Bu mübarek zat, bir dersinde şunları anlattı:

Âl-i İmrân sûresi yüzseksenbeşinci âyetinde ve Hadîd sûresinin yirminci âyetinde meâlen, (Dünya hayatı, ancak insanları aldatıcı şeylerdir) buyuruldu. En'am sûresinin otuzikinci âyetinde meâlen, (Dünya hayatı oyun ve boş şeylerdir. Allahtan korkanlar için, âhiret hayatı elbette hayrlıdır. Böyle olduğunu niçin anlamıyorsunuz?) buyuruluyor. Enfâl sûresinin yirmisekizinci âyetinde ve Tegâbün sûresinin onbeşinci âyetinde meâlen, (Biliniz ki, mallarınız ve çocuklarınız sizi imtihan etmek için verildi. Allahü teâlâ, iyiliklerinize karşılık, size çok büyük ecir verecektir) ve Tevbe sûresinin otuzsekizinci âyetinde meâlen, (Dünya hayatını âhiretten daha çok mu beğeniyorsunuz? Dünya hayatında ele geçenler, âhirettekilerden çok azdır) ve Kehf sûresinin kırkaltıncı âyetinde meâlen, (Mal ve çocuklar, dünya hayatının süsleridir. Sonsuz kalıcı olan iyi işlerin sevapları, Rabbinin yanında daha iyidir) buyurulmuştur... Daha böyle altmışaltı kadar âyet-i kerime, dünya malına, mevkiine gönül bağlamamayı tembih buyuruyor.

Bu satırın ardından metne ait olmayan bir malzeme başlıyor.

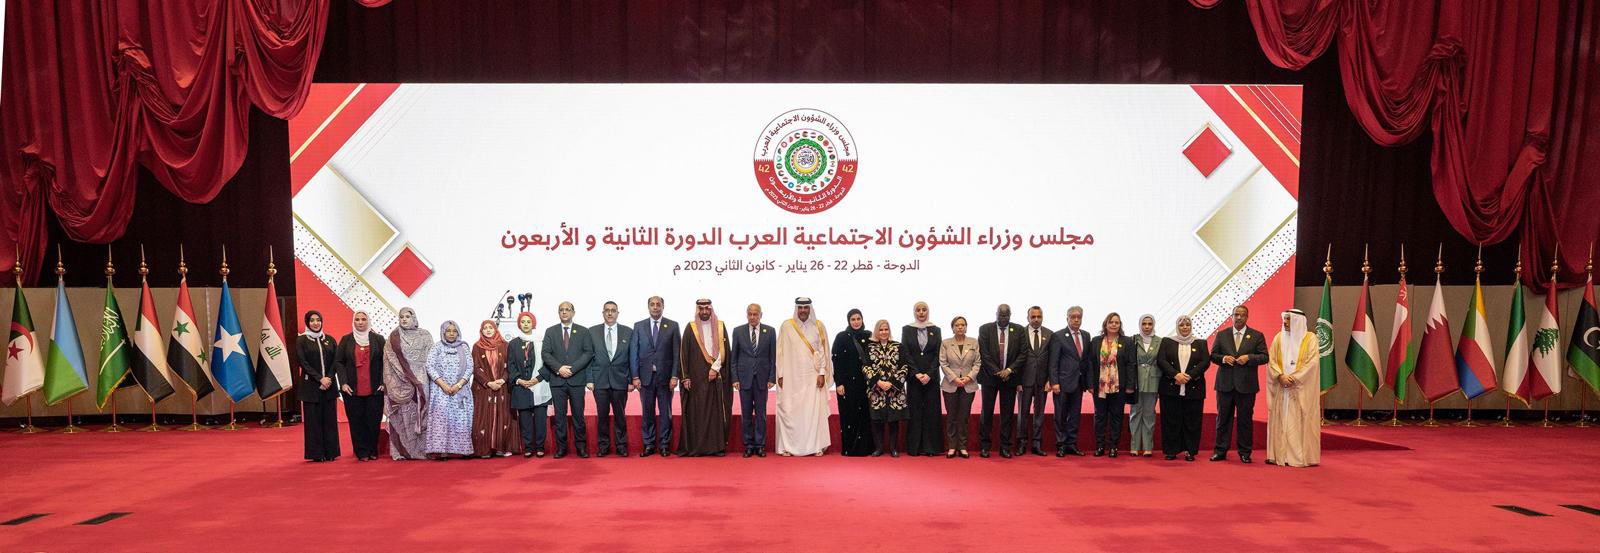 تونس تشارك في أشغال مجلس وزراء الشؤون الاجتماعية العرب  بقطر

Bu yolda sayısız hadis-i şerifler de bildirilmiştir. Meselâ bir hadis-i kudsîde, (Ey âdemoğlu! Ömrünü dünyayı toplamakta harcadın. Cenneti hiç istemedin) buyurulmuştur.

Âl-i İmrân sûresi yüzotuzüçüncü âyetinde meâlen, (Rabbinizden mağfiret istemeye ve Cennete girmeye koşunuz. Bunun için çalışınız! Cennetin büyüklüğü gökler ve yer küresi kadardır. Cennet, Allahü teâlâdan korkanlar için hazırlandı. Bunlar, az bulunsa da, çok bulunsa da, mallarını Allah yolunda verirler. Öfkelerini belli etmezler. Herkesi affederler. Allahü teâlâ, ihsân edenleri sever) ve Hucurât sûresinin onuncu âyetinde meâlen, (Müminler, birbirleri ile kardeştir. Kardeşleriniz arasında sulh yapınız!) buyuruldu. Bunlar gibi daha otuza yakın âyet-i kerimede, müminlerin birbirlerine öfkelenmemesi, birbirlerine iyilik ve ihsân yapmaları, affetmeleri emrolunmaktadır.